Further, in responding to COVID-19 in the longer term, the experiences of and progress made with the Humanitarian-Development Nexus is key to respond to the crises. Short-term humanitarian responses alone will not address the longer-term implications of COVID-19 on people’s livelihoods and the need for ongoing support to national health systems. It demands a joined-up ‘nexus’ response. With regards to SRHR specifically, it can be an opportunity for increased attention and funding for the transition from ‘Minimal Initial Service Package’ interventions – which are the minimum, life-saving sexual and reproductive health needs that humanitarians must address at the onset of an emergency – to the comprehensive roll-out of services and SRHR programming in humanitarian settings. The traditional development- humanitarian budget divide appears to be softened when it comes to SRHR and may represent an opportunity both at programming and funding levels. It allows the allocation of development core funds to essential SRHR activities in fragile and conflict-affected countries which are eligible for development funds.

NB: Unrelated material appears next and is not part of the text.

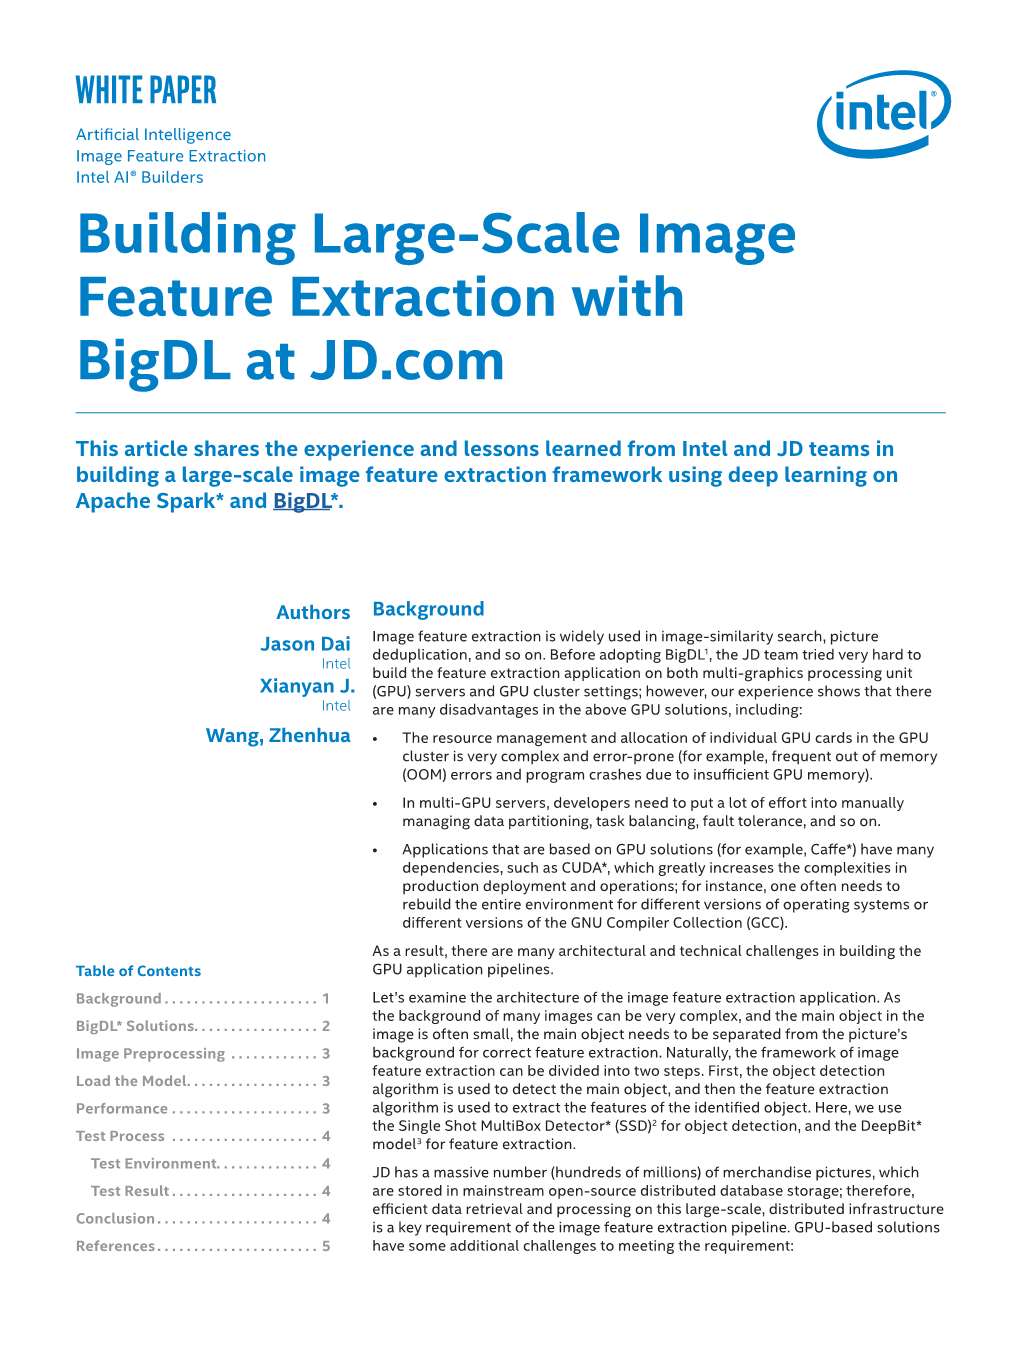 Building Large-Scale Image Feature Extraction with Bigdl at JD .Com

Not just ODA quantity but also quality and integrity
Finally, the quality of the response is as important as the quantity, and should be focused on e.g. reducing the impact on inequalities, addressing harmful gender norms and recognising the crucial role of civil society. EU Member States are at this very moment discussing the next EU budget, the ‘Multiannual Financial Framework (MFF)’, taking into account the impact of the COVID-19 crisis. The latest proposal by the European Council president Charles Michel and the current discussions between EU Member States already shed some light on the possible impact on ODA, and support for SRHR therein. The levels of ODA have been slightly decreased, compared to the level proposed before the COVID-19 crisis. In terms of content, health and gender equality are a priority, more strongly highlighted in the EU discourse. On the other hand, the role of the private sector is coming out more strongly, whereas CSOs are absent from the discourse. The EU shows a strong focus on economic recovery, with substantial additional funding for the private sector, blending facilities, etc. There is a risk that these types of shifts in ODA could lead to privatisation of public services or massive indebtment of developing countries. More work will be needed by the Member States and Civil society to maintain ODA levels but also development aid integrity, for example the provision of grants versus loans.
Broad public support
Other income in developing countries are projected to fall substantially as a result from COVID-19, such as domestic public resources, foreign direct investment, remittances and tourism. This will make ODA even more important in striving to achieve the Sustainable Development Goals. In response to COVID-19 and to avoid a discontinuation of support to the lowest-income countries, European governments need to continue to build broad support among the public and invest in awareness raising about the importance of international solidarity and equality, and the centrality of SRHR therein.